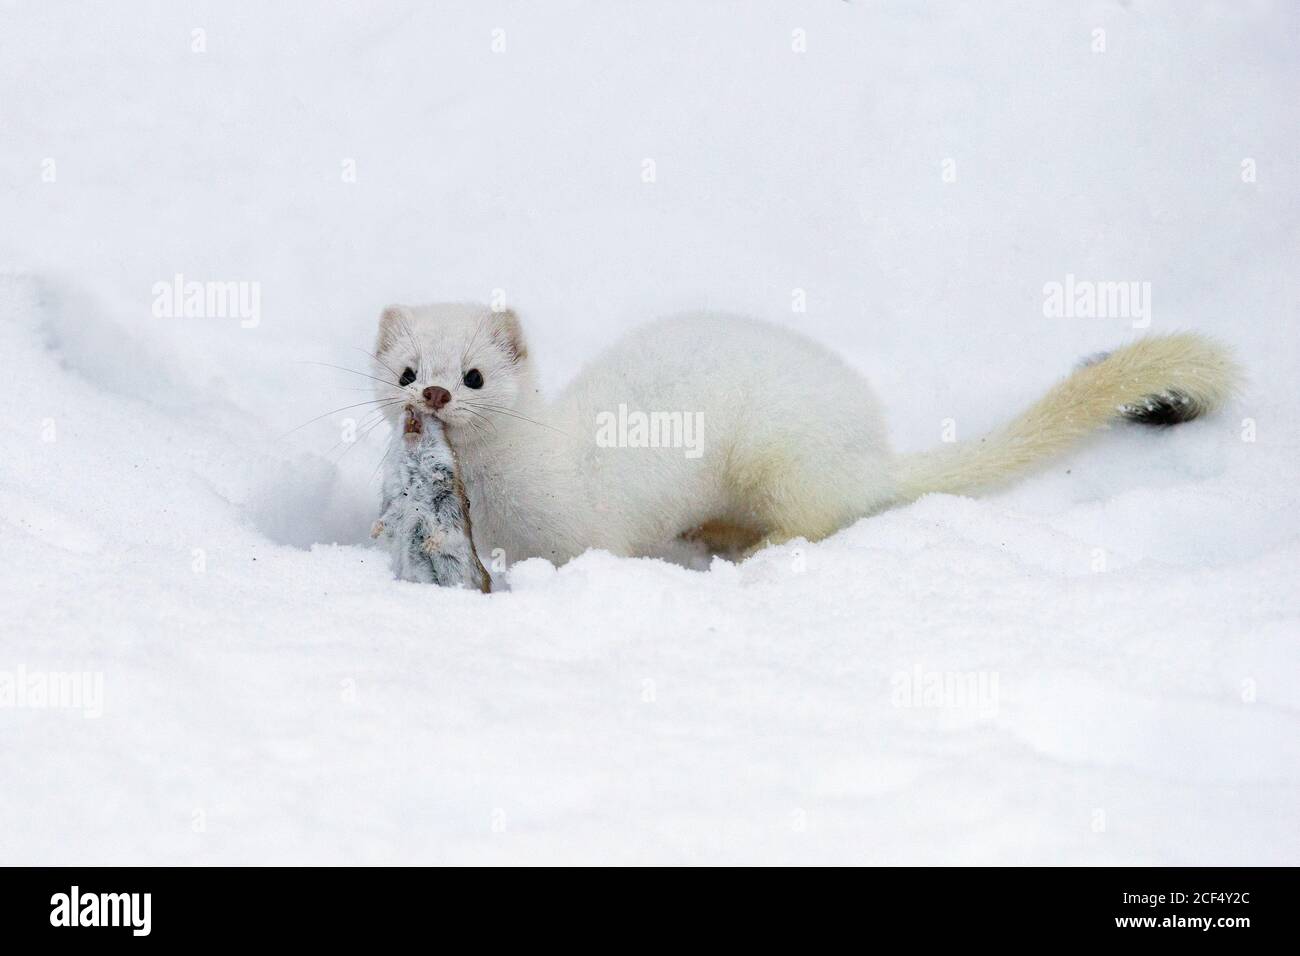 Weasel in snow Stock Photo
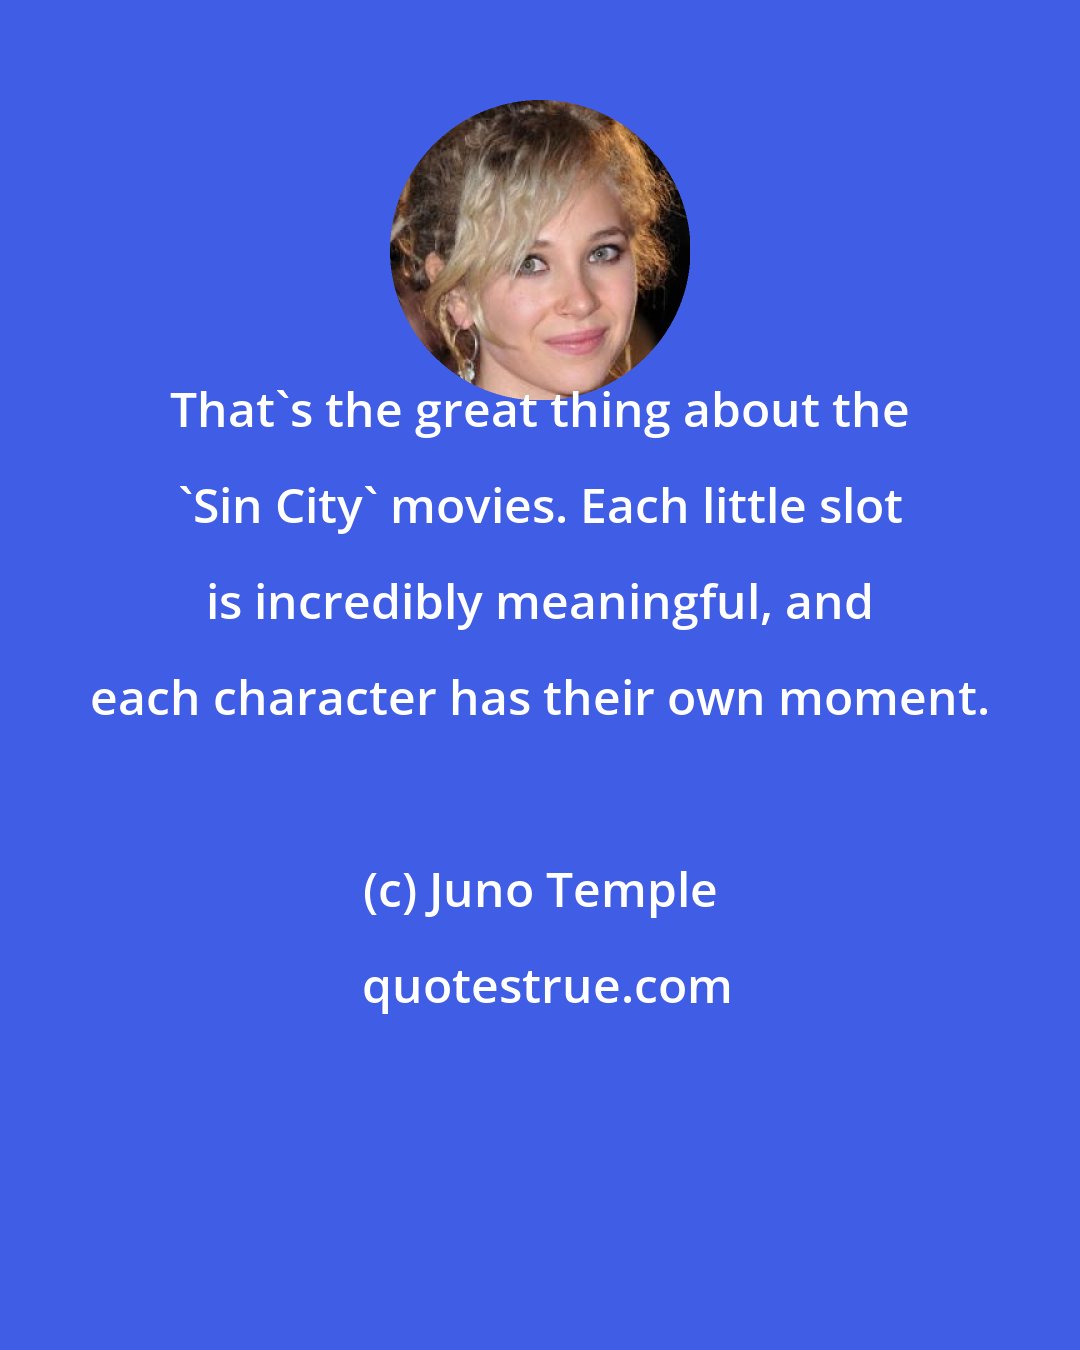 Juno Temple: That's the great thing about the 'Sin City' movies. Each little slot is incredibly meaningful, and each character has their own moment.
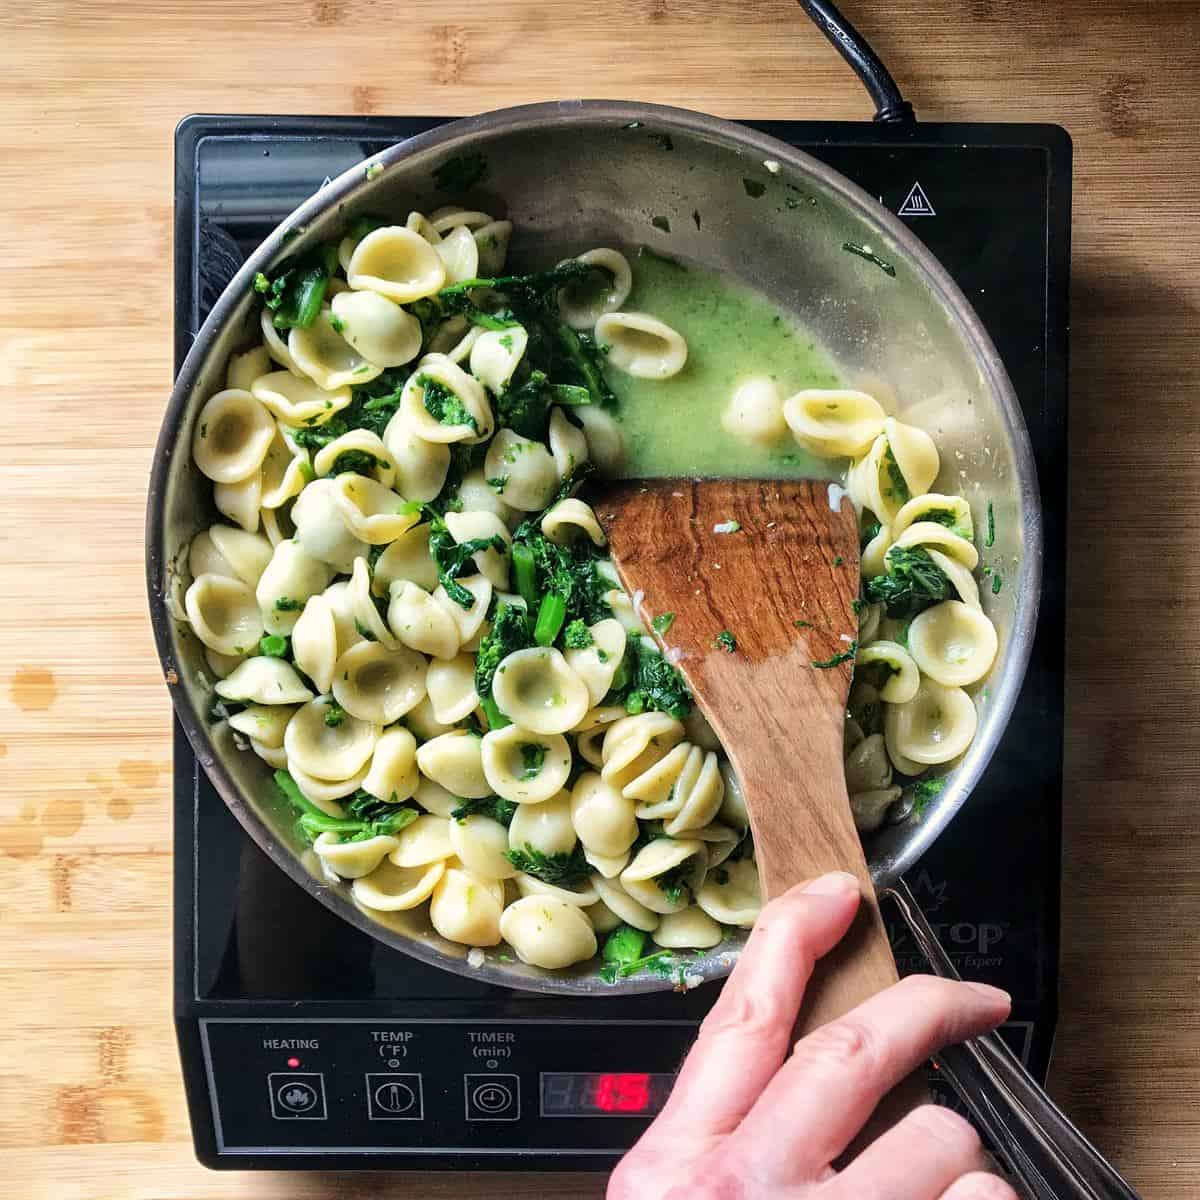 Broccoli Rabe Pasta being sauteed together in a pan.
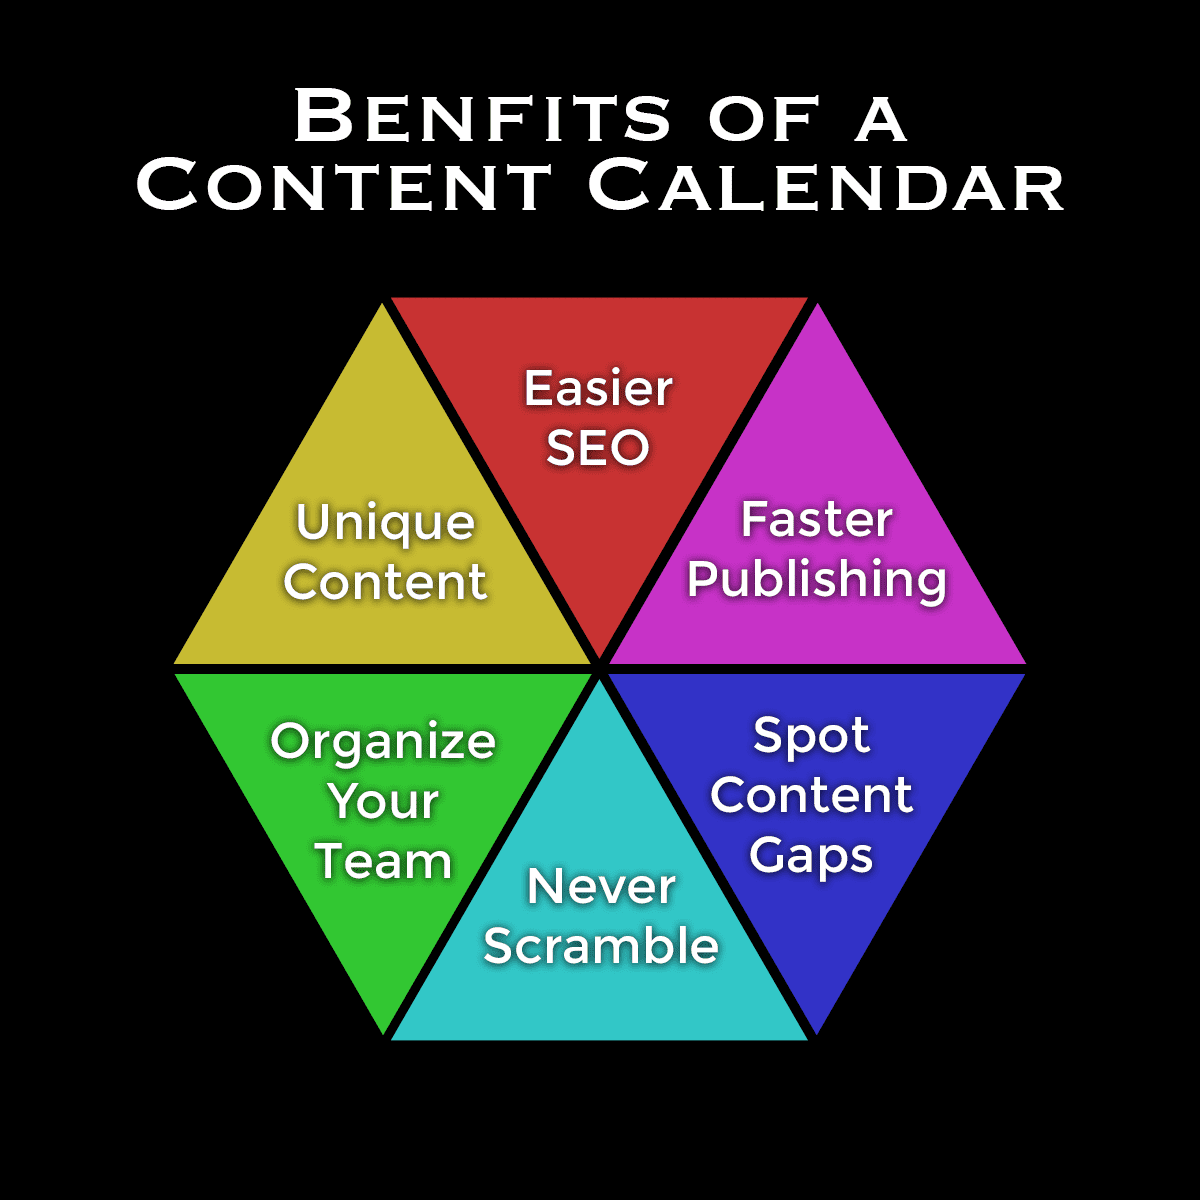 A Content Calendar can provide a number of valuable benefits to your blog!

○ ○ ○

## What you are asked to do
Skipping all images, output the listing exactly.

## Exercise solution
 Weasel in snow Stock Photo
 Juno Temple: That's the great thing about the 'Sin City' movies. Each little slot is incredibly meaningful, and each character has their own moment.
 Broccoli Rabe Pasta being sauteed together in a pan.
 A Content Calendar can provide a number of valuable benefits to your blog!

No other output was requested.